Before I knew it I was being sucked into a game of tag rugby !! WTF and it's not as if Twickenham Green is private, everyone goes past. This is humiliating some of those guys obviously had played rugby before and were really chucking the ball hard. I only did netball and hockey at school so this was all new to me.  Roll on 10 o'clock when all this would be over and hope to God no-one I know has seen me.  

I never really considered myself to be competitive but we ended up doing sprint races.  Not sure what happened but all that teenage angst came flooding back reminding me of those blonde girls at school, Nicola Constantine, Lisa Bennet and Louise Dadge who always overtook me however fast I ran. I ran as fast as I could - I wanted to win.  And so I ran - really fast. I was holding my own.  And then......my calf popped again.  I'm sure this didn't look good in front of the rest of the tag rugby team.  New girl turns up, can't catch a rugby ball for toffee and then "OW OW OW I've injured myself I'm going to stand over by the tree" - what a big girls blouse.  

So I felt I had to casually drop into conversation I'd been to TriCamp and was exhausted.  As I heard myself say the words I cringed. And someone behind me said "There was this one time in TriCamp" the phrase from American Pie. No-one's interested Catherine - go home. 

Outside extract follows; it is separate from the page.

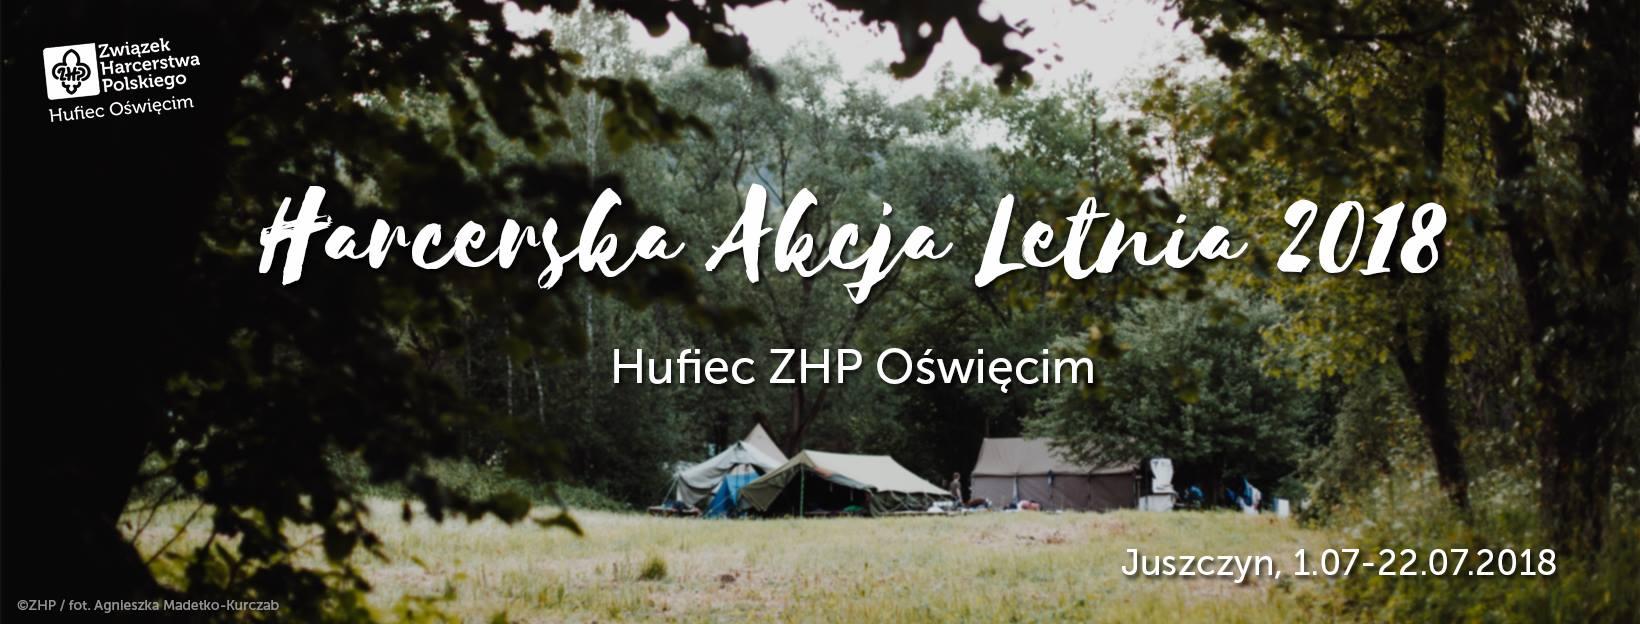 JUSZCZYN. Obóz z harcerzami z Oświęcimia i gm. Brzeszcze ewakuowany!

There was this one time in band camp...

I've not been back, not sure tag rugby is conducive to a successful Triathlon training schedule anyway.  I did see them all on The Green the other Saturday on the way to get all-butter croissants and pork pies from Sainsbury's - head down, walk quickly. Maybe limp a little just to show you're properly injured.


Back to Mallorca. Don't forget your pedals and they drive on the right in Spain and something about gears ?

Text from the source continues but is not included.